HOW TO COMPLETE THIS TASK: Leaving the images aside, transcribe all the data below exactly.

------ DATA EXCERPT ------

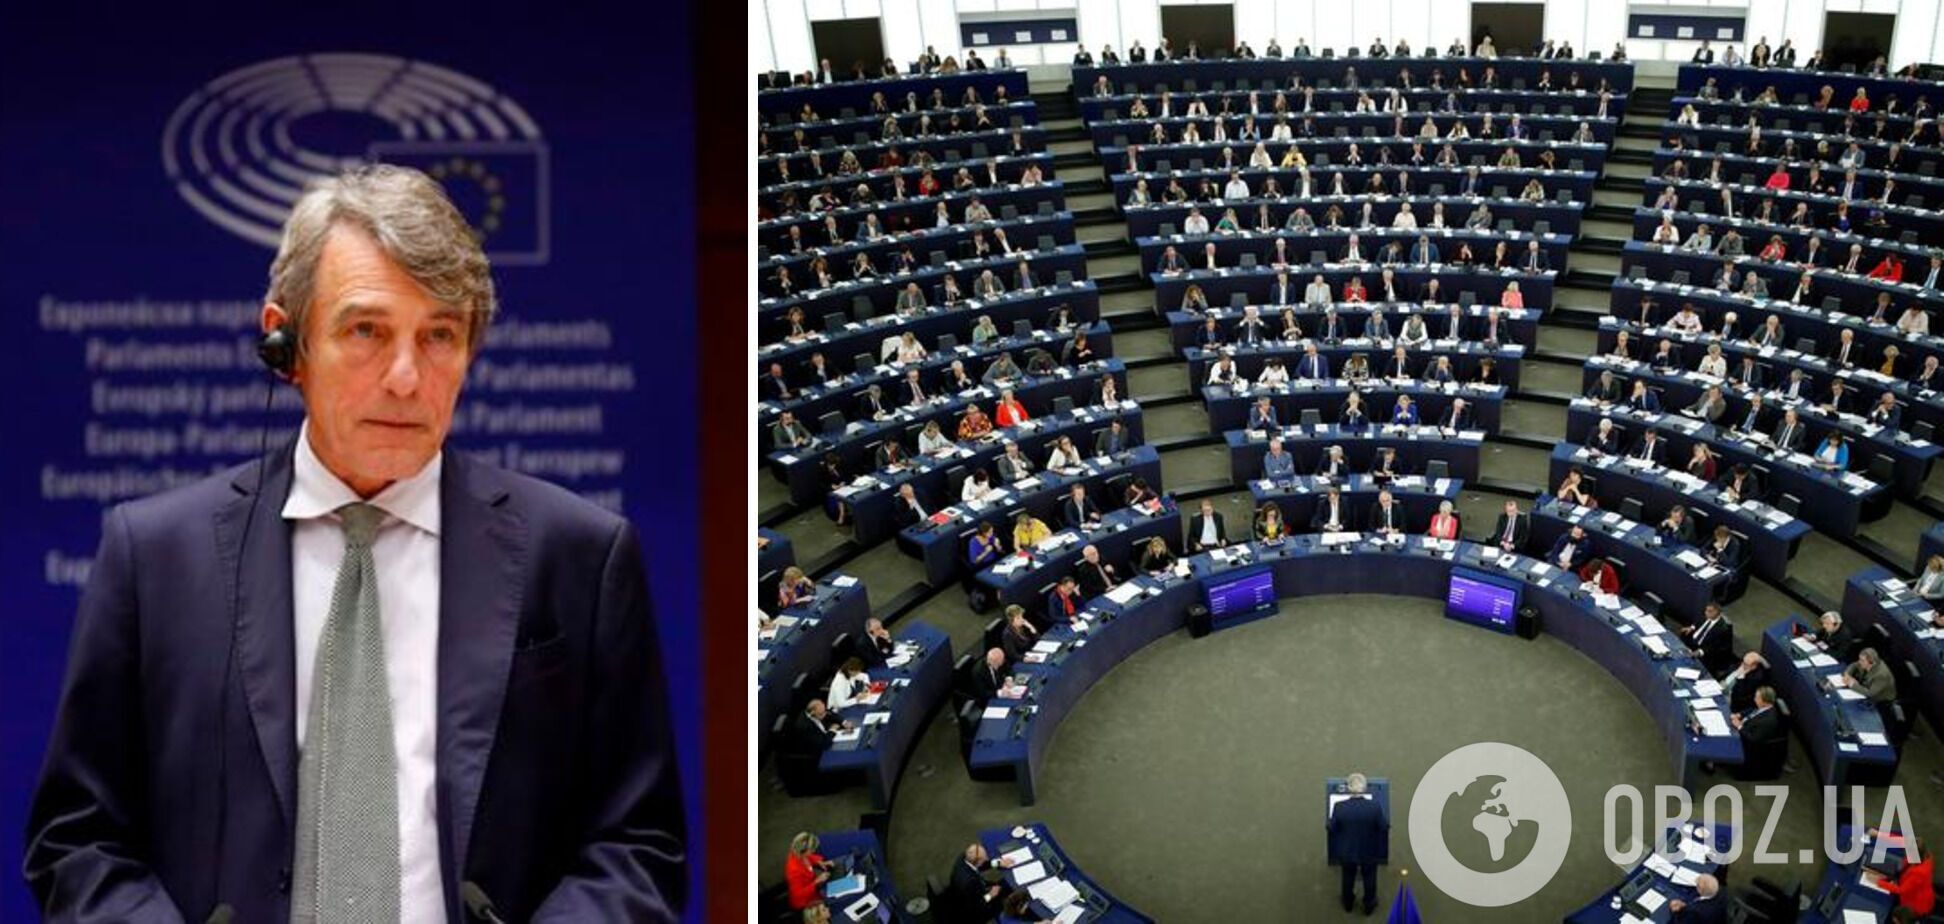 Давид Сассоли занимал должность главы Европарламента с 2019 года
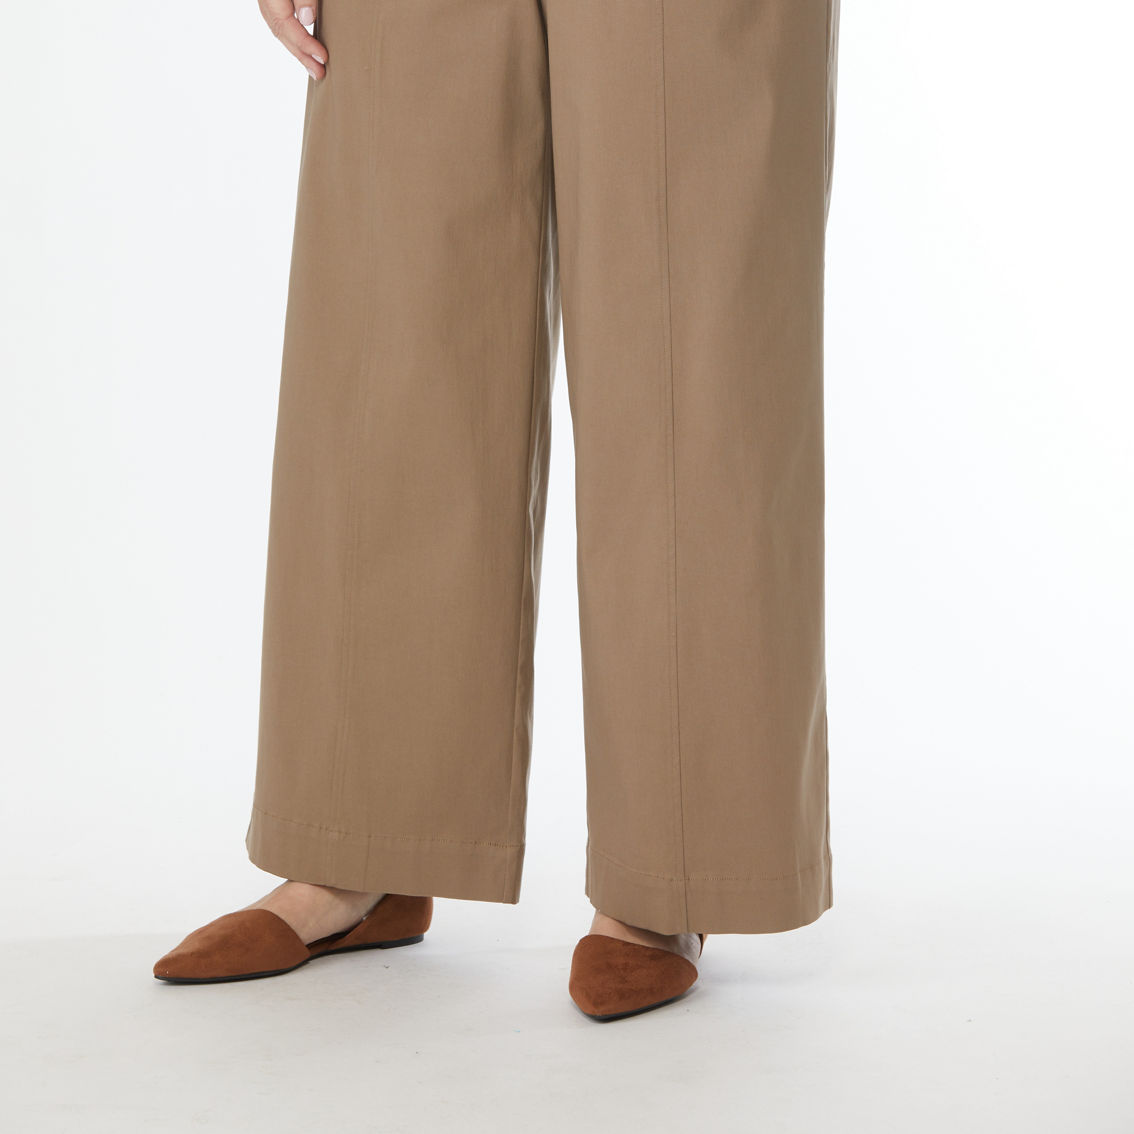 JW Plus Size Millennium Pants - Image 3 of 3
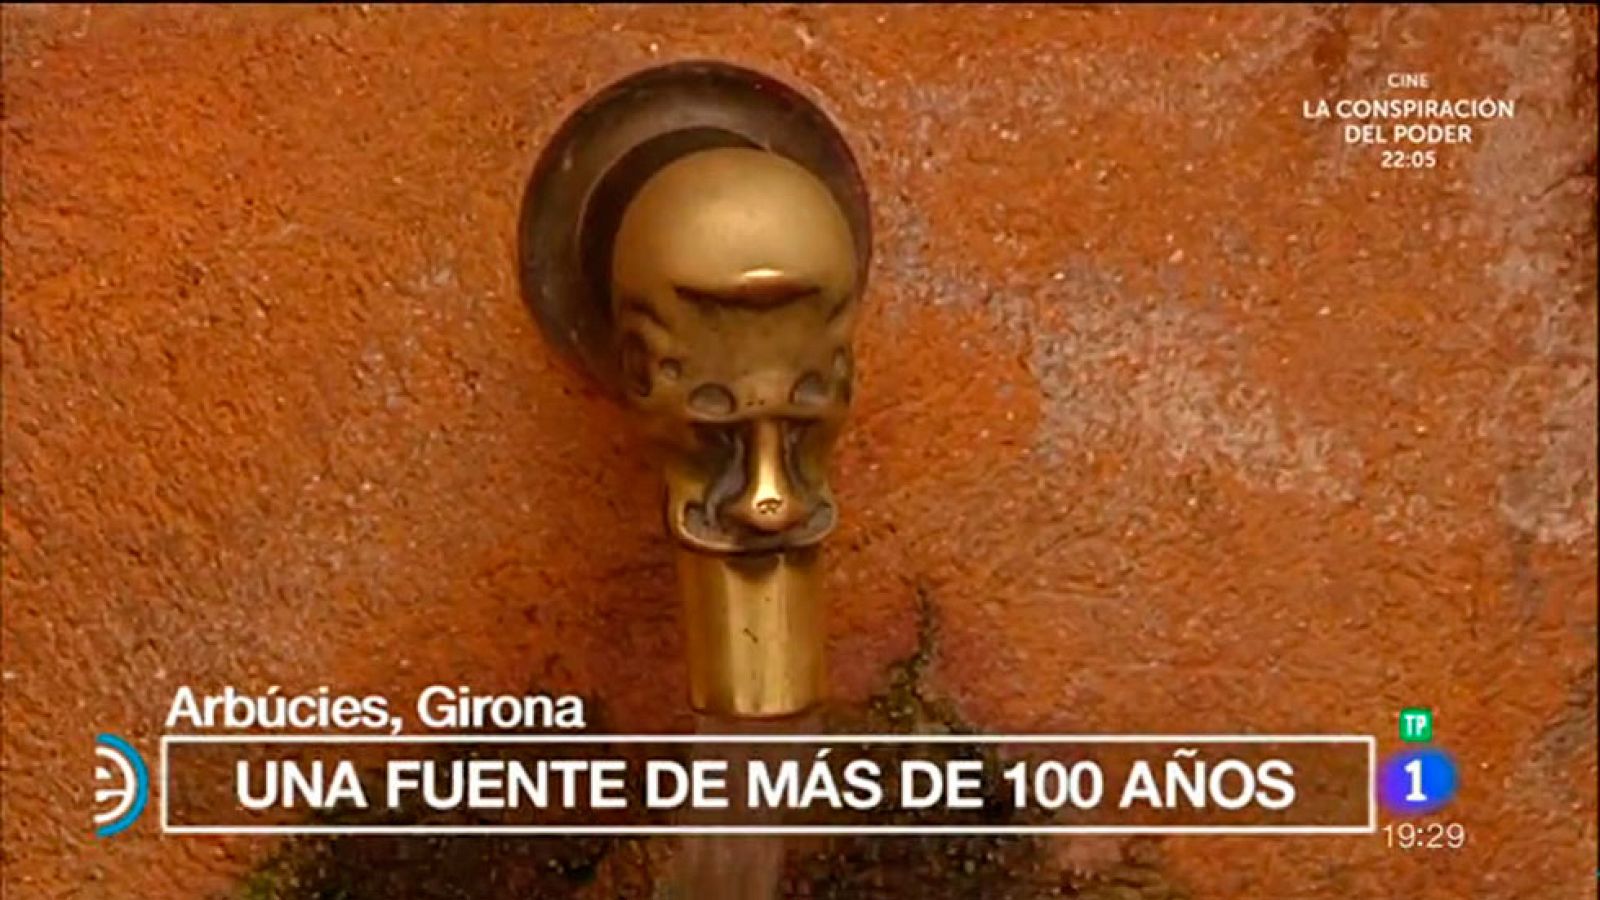 España Directo - Una fuente de más de 100 años en Arbúcies, Girona
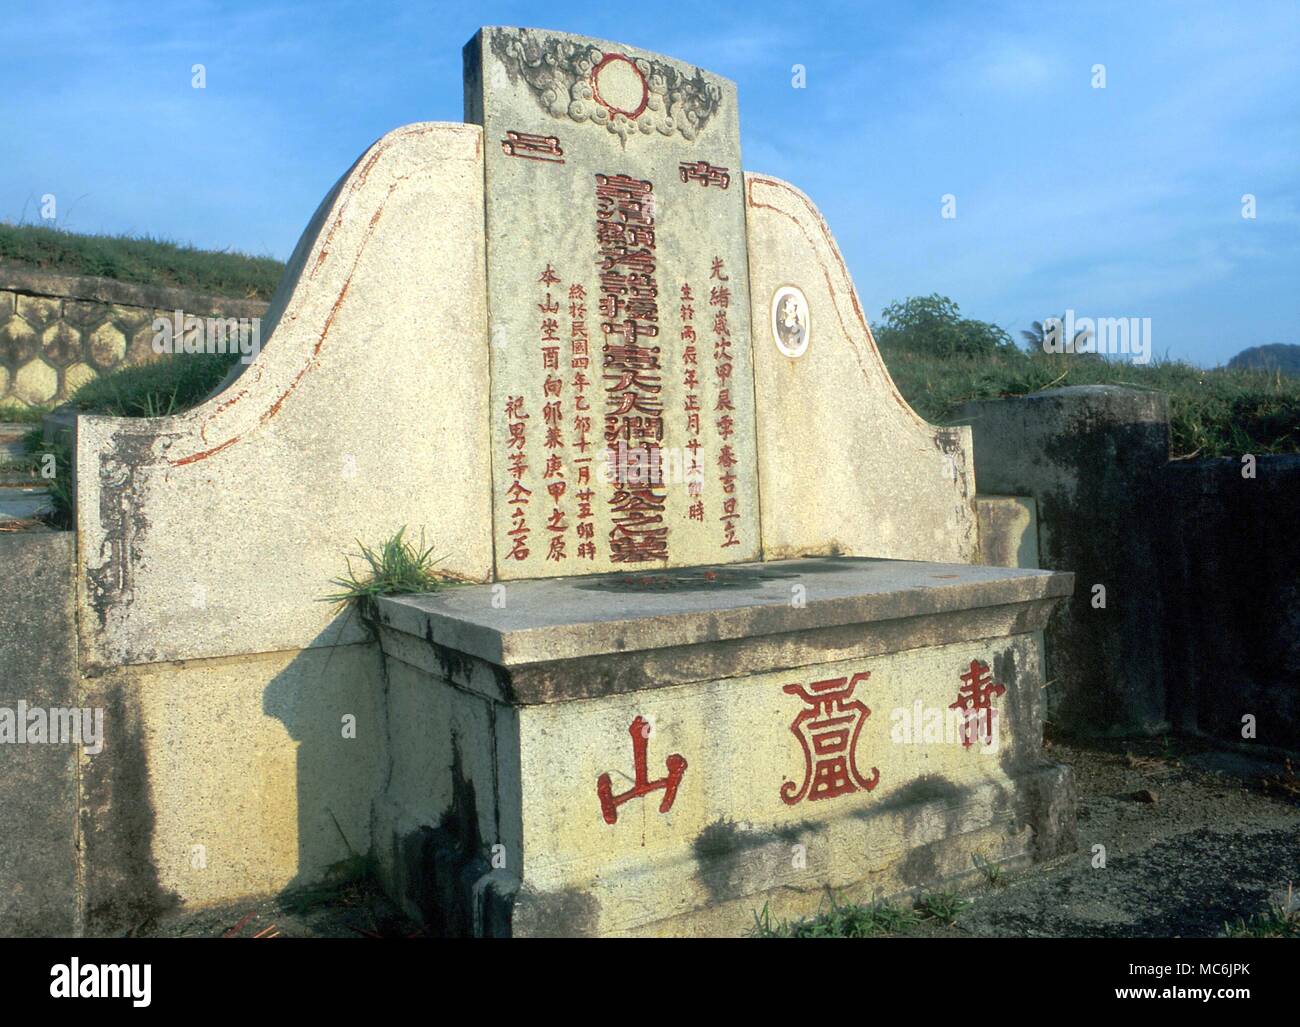 - Le Chinois FENG SHUI tombes disposées selon les principes du Feng Shui, sur une colline (un 'dragon') à Penang, Malaisie Banque D'Images

------

FINISHED EXERCISE:
 Давид Сассоли занимал должность главы Европарламента с 2019 года
 JW Plus Size Millennium Pants - Image 3 of 3
 España Directo - Una fuente de más de 100 años en Arbúcies, Girona
 - Le Chinois FENG SHUI tombes disposées selon les principes du Feng Shui, sur une colline (un 'dragon') à Penang, Malaisie Banque D'Images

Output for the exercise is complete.